Der Preis für eine Demokratie

von Marian Schraube

Italien – Noch hat Senator Silvio B. seine Strafe nicht angetreten, schon wird seine Rehabilitation betrieben. Vorboten eines heißen Herbstes

Seit gestern, schreibt der für seine scharfe Prägnanz bekannte Marco Travaglio im Editorial des Il Fatto Quotidiano, habe man Gewissheit. Ab der mündlichen Verkündung des Revisionsurteils vom 1. August in Rom nur technisch gesehen ein Vorbestrafter wegen Steuerbetrugs, ist nun das ganze Ausmaß des kriminellen Projekts von Senator Silvio B. offenkundig.

Mit der Vorlage der schriftlichen Urteilsgründe, im Wortlaut online veröffentlicht u.a. von der Tageszeitung La Repubblica, steht fest, dass B. das betrügerische System selbst „erfunden“, „umgesetzt“, „organisiert“ und „entwickelt“ hat – ab den 1980er Jahren bis hinein in seine Zeit als Ministerpräsident. Keine Frage mehr, ob  nicht doch ein artifizieller Plan seiner Mitarbeiter einen Unwissenden in ihre kriminelle Logik verstrickt hätte, sondern die zentrale Figur selbst geht immer noch ungehindert im Parlament ein und aus. Travaglio: „Können 320 Senatoren noch neben einem ausgewiesenen Delinquenten sitzen?“

Nicht nur, dass sie können. Die vergangenen zwei Wochen haben gezeigt, dass unter dem Vorzeichen der Erhaltung einer großen Regierungskoalition sogar die Wahlversprechen des rechtskräftig festgestellten Kriminellen erfüllt werden.

Angesichts der dramatischen Zuspitzung der Haushaltskrise noch im November 2011 zum Rücktritt gezwungen, hatte der Senator B. im Kurzwahlkampf im Frühjahr 2013 für seine Partei Popolo della Libertà (PdL) nur ein Thema ausgegeben: Weg mit der IMU (Imposta Municipale Unica).

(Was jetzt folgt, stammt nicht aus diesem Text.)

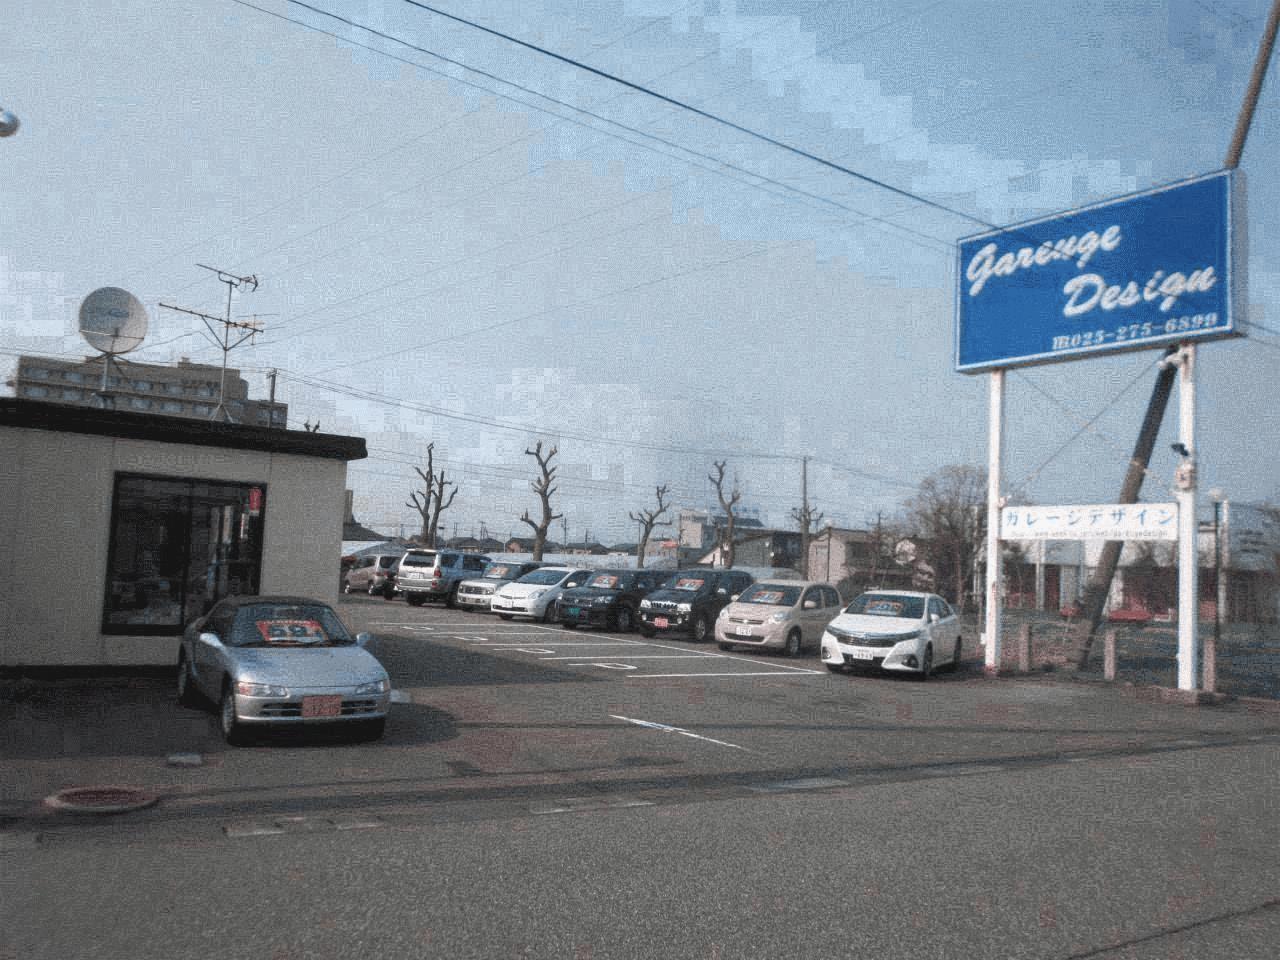 Gareuge Design (有)ガレージデザイン

Von der zwischenzeitlichen Übergangsregierung Monti eingeführt, hatte diese auf den fiktiven Ertragswert von Immobilien gegründete Einkommenssteuer die Italiener ins Mark getroffen. Von der Unsicherheit der Sozialsysteme und als Konjunkturmaßnahme war die Förderung von privatem Immobilieneigentum jahrzehntelange offizielle Politik gewesen. Über 81% der Italiener leben heute in den eigenen vier Wänden (Deutschland: etwa 41%). Das Versprechen, diese Besteuerung der systematisch aufgebauten Daseinsvorsorge wieder rückgängig zu machen, fiel notgedrungen auf fruchtbaren Boden, so dass die Berlusconi-Partei in nur 3 Wochen rund 8 Prozentpunkte in der Wählergunst wett machte.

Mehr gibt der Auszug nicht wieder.